If your chickens rely on the artificial heat, in addition to the fire hazard that any heat source poses, if you were to ever lose power or the bulb burn out in the middle of the night, your chickens could die, not used to being without heat.

In addition, the difference in temperatures between night (warmer) and day (colder isn't good for them. Lastly,  the heat source will create moisture, which can lead to frostbite.  Most frostbite is actually caused by moisture not the cold itself.


Going as natural as possible is usually better when it comes to most decisions relating to animal care. However, use your best judgement and remember there ARE situations when heat might not be a bad idea, such as:


  • If the temperature is predicted to suddenly drop 20+ degrees from the norm
  • If you have young chicks who are going from indoors to outside during the winter or pullets that are not fully grown
  • If you have chickens who are injured or recovering from a sickness
  • If you only have two or three hens in a large coop so their body heat won't be sufficient to keep them warm
  • If you have breeds that are not cold-hardy, such as silkies, polish and frizzles. 

Side Note: A friend of mine lost her silkies last winter to the cold after reading on another chicken page that chickens NEVER need a heated coop. I just read a post from someone else yesterday about losing a silkie to the cold because she didn't realize that silkies can't fluff their feathers to stay warm like other breeds. 

Another friend had to have her rooster's foot amputated because of frostbite. It's important to make your decision based on your location, situation and mix of breeds. 

If you DO decide to provide a heat lamp (and again, I can't stress how much I recommend AGAINST heat in coops!), be sure it's secured so nothing can catch on fire... and then secure it again. Remember that clamps can come unscrewed, wires untwisted and bulbs will shatter if water hits them. 

Straw and wood shavings catch on fire so easily. So you're taking a huge risk by rigging up a heat lamp in your coop. 

An even better alternative to a heat lamp is a radiant panel heater like this one or this one. Far less chance of fire using an electric panel heater. But regardless, always use caution and common sense. And remember, mice will chew through electric wires....and that's a fire hazard regardless of the type of heater you're using.

This is an actual photo (below) posted in Instagram. The fire started in the chicken coop (to the left) and was caused by a heat lamp. All the chickens perished in the fire, which then spread to the barn, which could not be saved.

Fortunately, there were no animals in the barn at the time, and the fire was contained before it spread to the house. But I wonder if that family will rethink putting a heat lamp in their coop in the future.
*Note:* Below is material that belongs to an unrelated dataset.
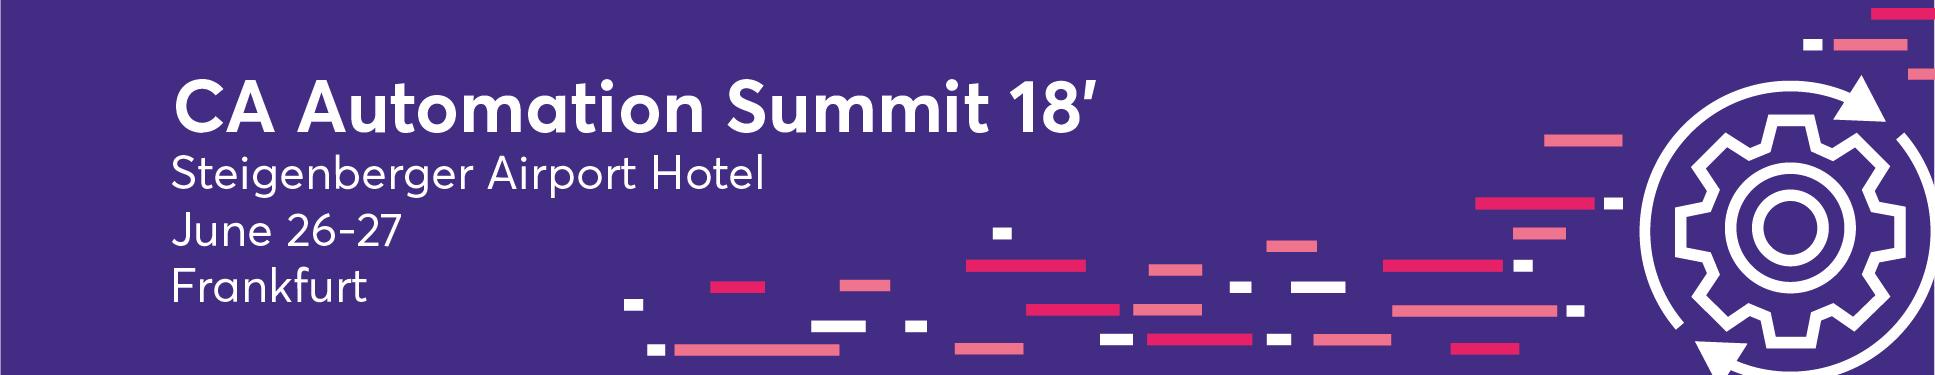 CA Automation Summit 2018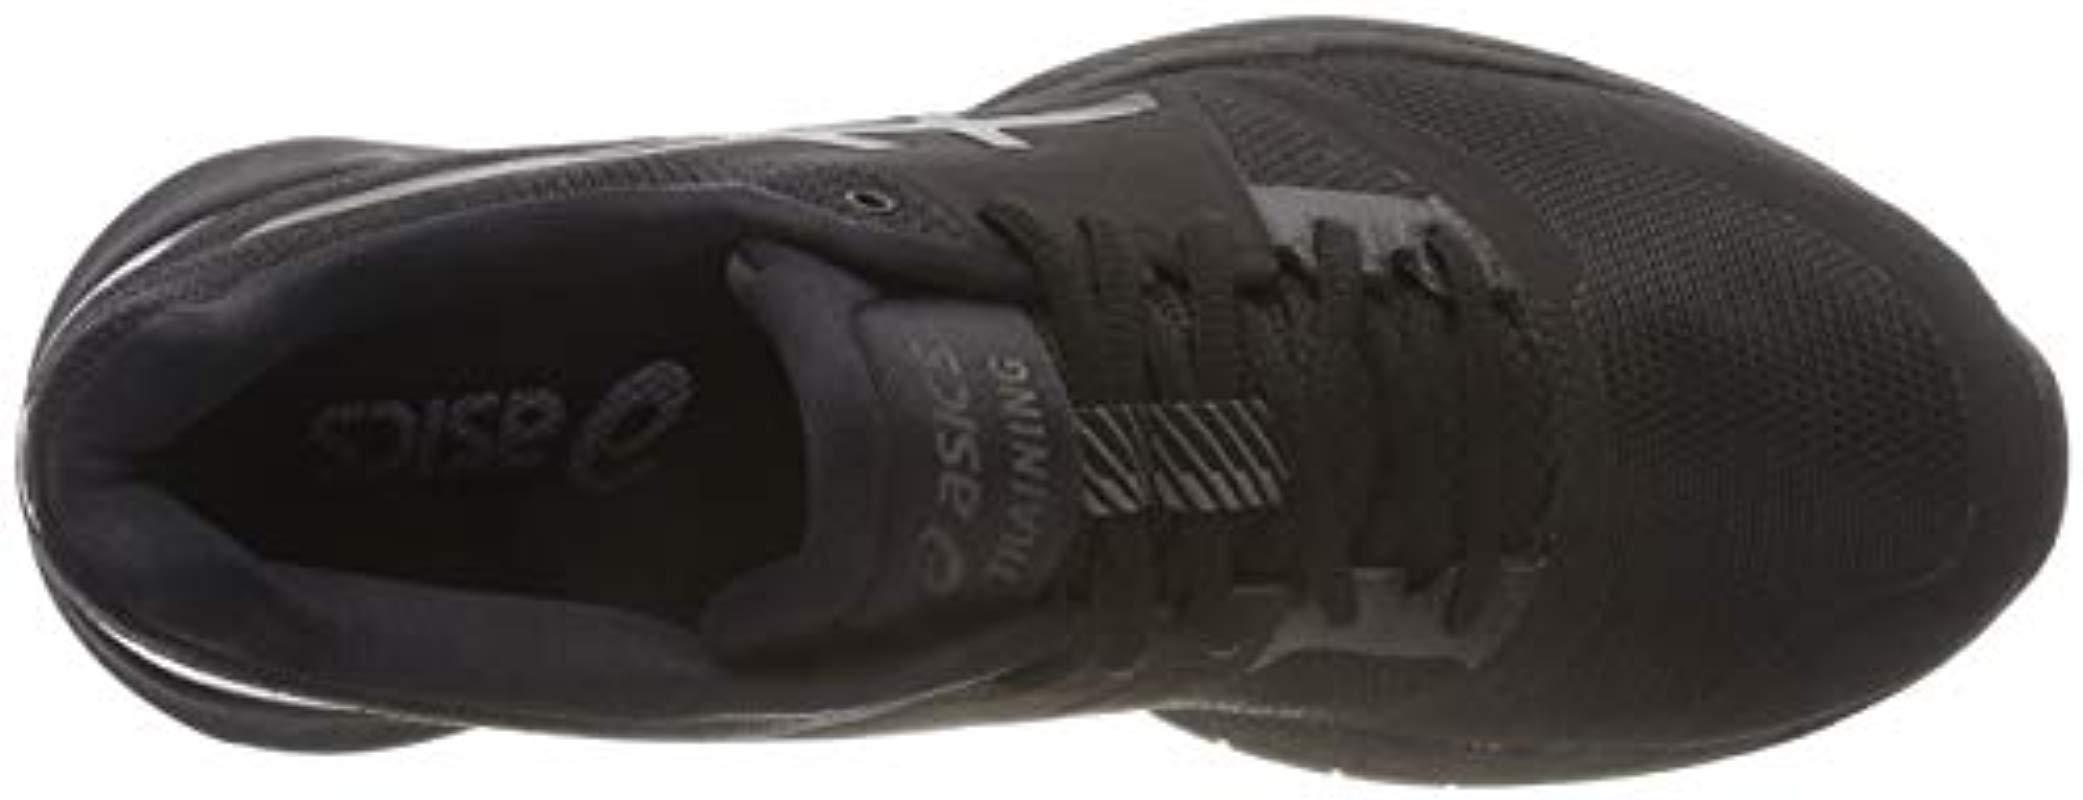 2ad04a311 Asics - Black Gel-quest Ff Running Shoes - Lyst. View fullscreen

All that said, there are better, safer ways to keep your chickens warm through the winter than using a heat lamp:


  • A well-insulated and well-ventilated (but not drafty), dry coop
  • A thick layer of straw on the coop floor
  • Using the deep litter method (basically maintaining a 12" floor base of straw, and turning it over periodically to let the poop decompose and create heat)
  • Placing straw bales along the outer walls (inside or outside the coop - if outside, you can use hay)
  • Having the correct number of hens for the size of the coop

And believe it or not, snow is a wonderful insulator. Think igloos... so if you have a considerable amount of snow, shovel it up against the coop. And remember, you're likely feeling more sorry for your chickens than they are feeling cold!

And of course the best way to keep your chickens warm in the winter is to get MORE chickens ! An average-sized chicken produces about 10 BTUs of heat. With my 21 chickens snuggled in my coop each night, it has been consistently averaging 10-20 degrees higher than the outside temperature when

I open it up in the morning, due entirely to the chickens' body heat and the heat created by using the deep litter method. A warm chicken is a happy chicken!